In an unprecedented move the European Commission has told Italy to revise its budget, a move never seen before within the European Union (EU).
Italy is currently the eurozones third largest economy but has spiraling debts amounting to 131% of national ouput. Italy’s governing populist parties have vowed to push ahead with campaign promises including a minimum income for the unemployed. Other measures include tax cuts and scrapping extensions to the retirement age – fulfilling several key campaign promises from the election in March. Italy now has has three weeks to submit a new, draft budget to Brussels.
How could this impact the Euro?
Surprisingly this news didnt have a bigger impact on euro exchange rates. Initially the euro weakened to fall as low as 1.1350 (GBP/EUR) but the euro recovered in the afternoon session. A move that was a little surprising. Although the USD did make some significant advances with EUR/USD falling to a two months low of 1.1420 with the dollar benefiting from its safe haven tag
This move by the European Commission is bold. It is something we have not seen before and has set a precedent for other EU members. It has now shown that they will not simply continue to bail countries in a move to discourage other eurozone states from breaking rules.
In response Italy have set them selves on a collision course with the EU, Deputy Prime Minister Luigi Di Maio wrote on facebook “This is the first Italian budget that the EU doesn’t like. No surprise: This is the first Italian budget written in Rome and not in Brussels!”

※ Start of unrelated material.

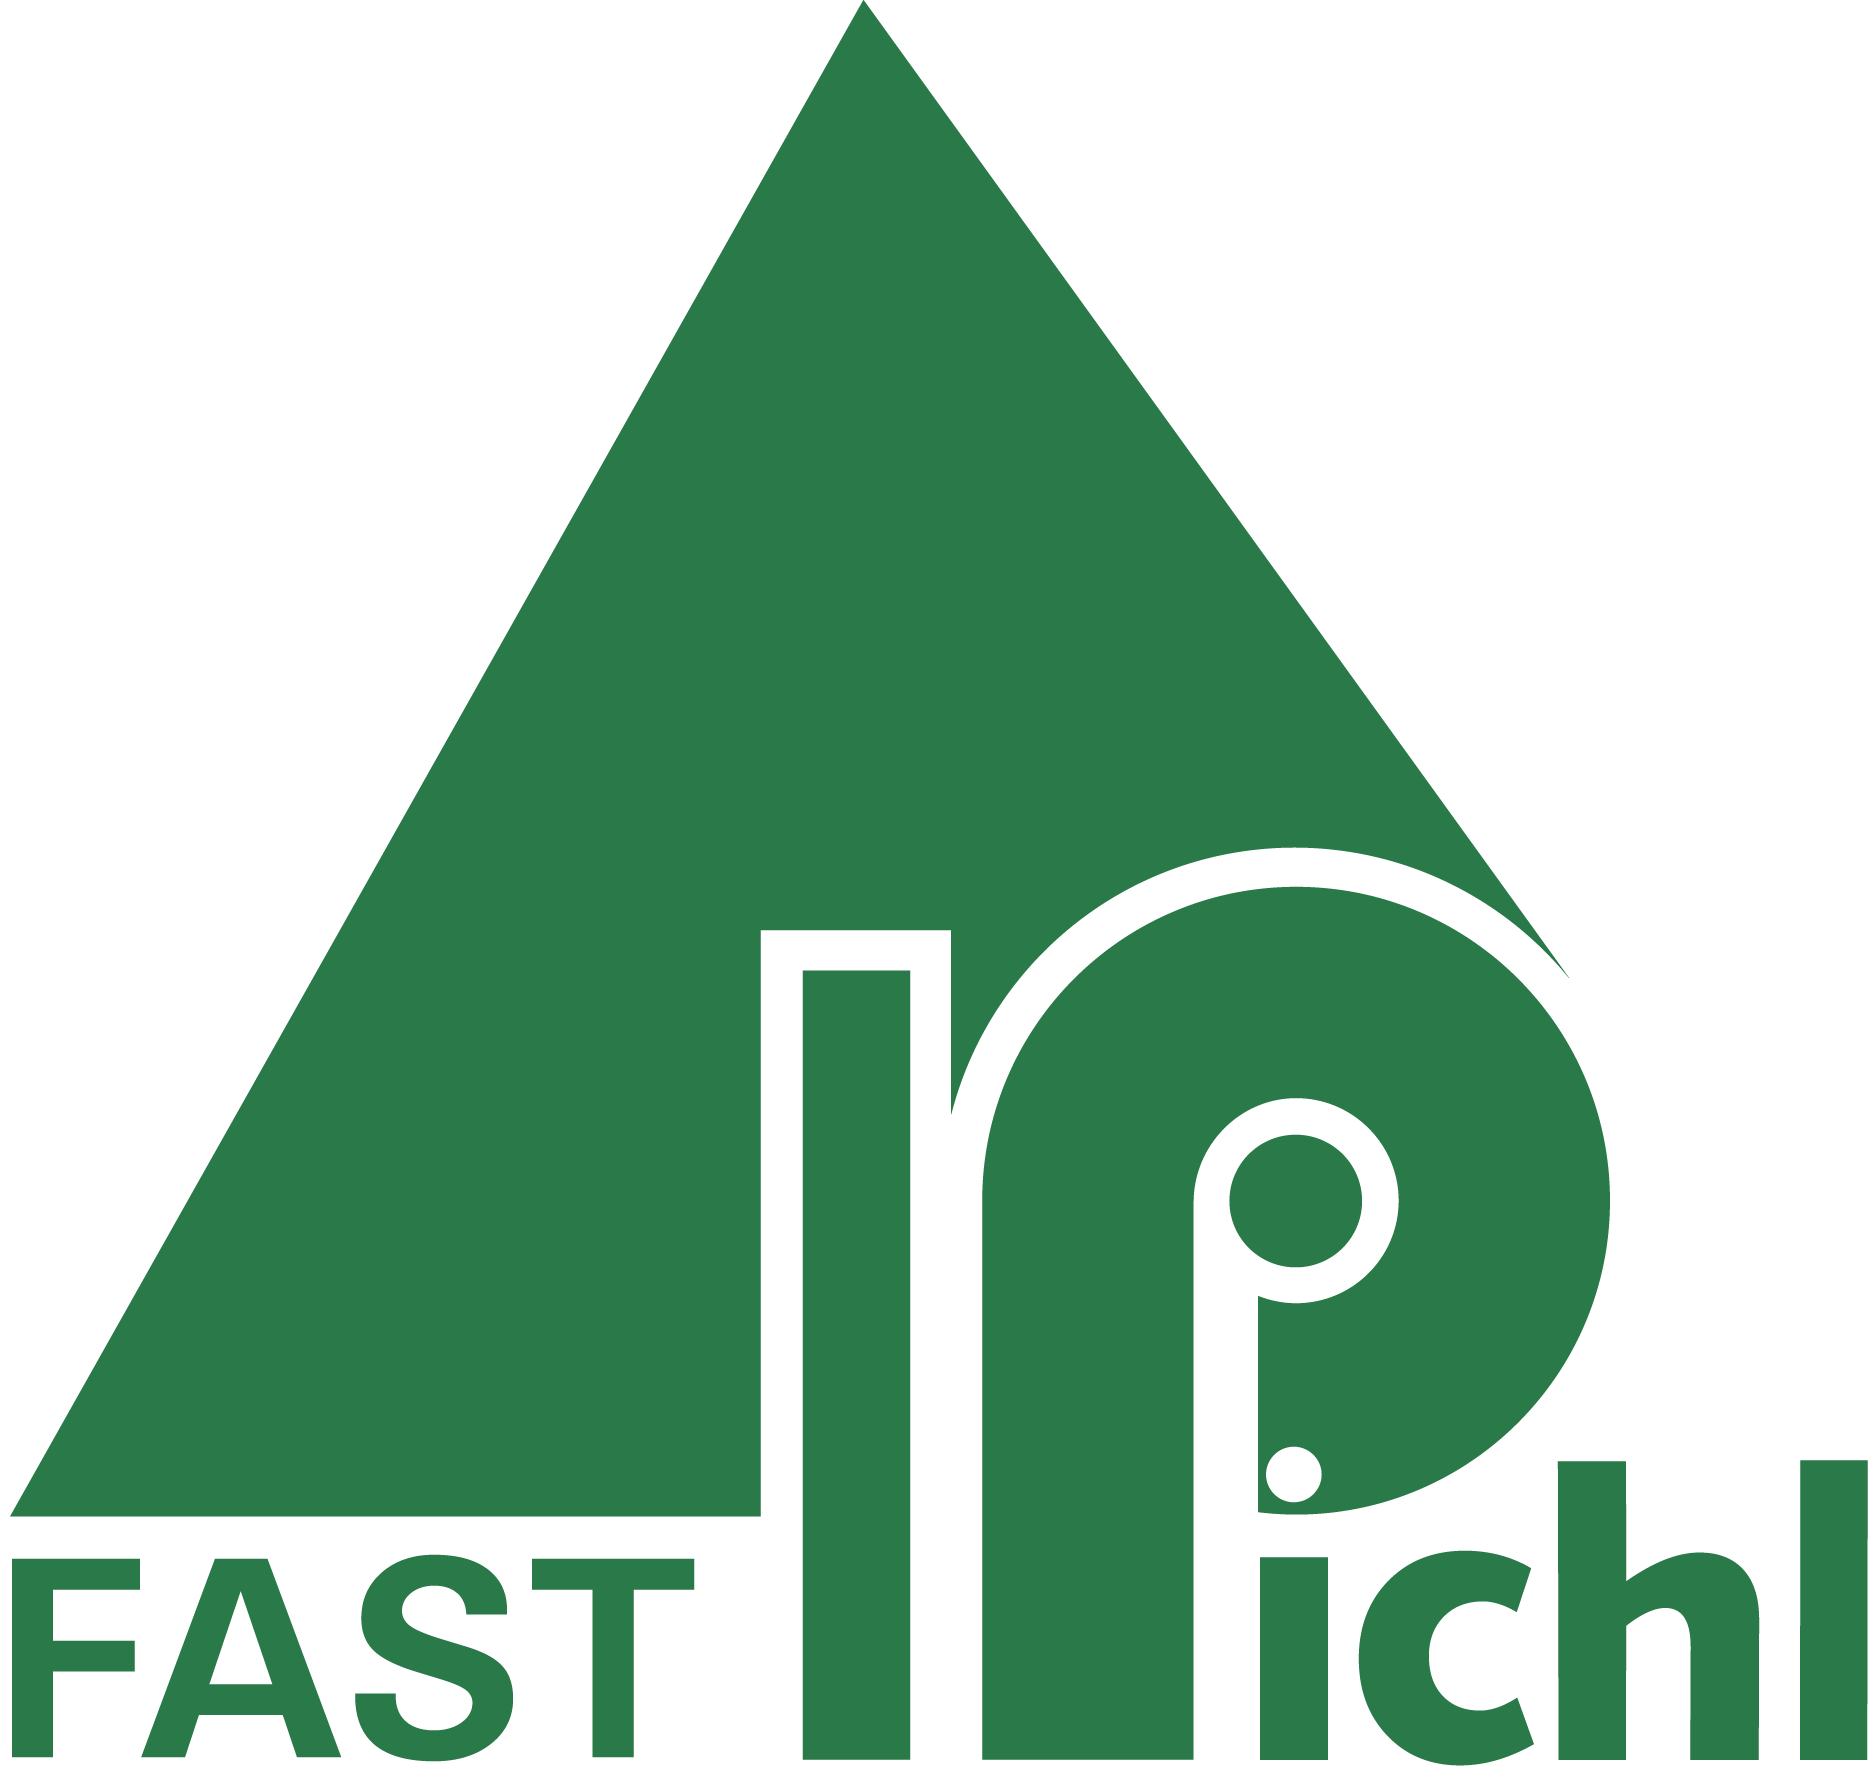 Fast Pichl

His co-deputy PM Matteo Salvini added: “This doesn’t change anything.”
“They’re not attacking a government but a people. These are things that will anger Italians even more,” he said.
This unprecedented move could cause some significant implications for the eurozone and hence the euro. I wouldn’t expect any significant moves for GBP/EUR due to ongoing Brexit issues, however the US dollar is likely to be the main benefactor here.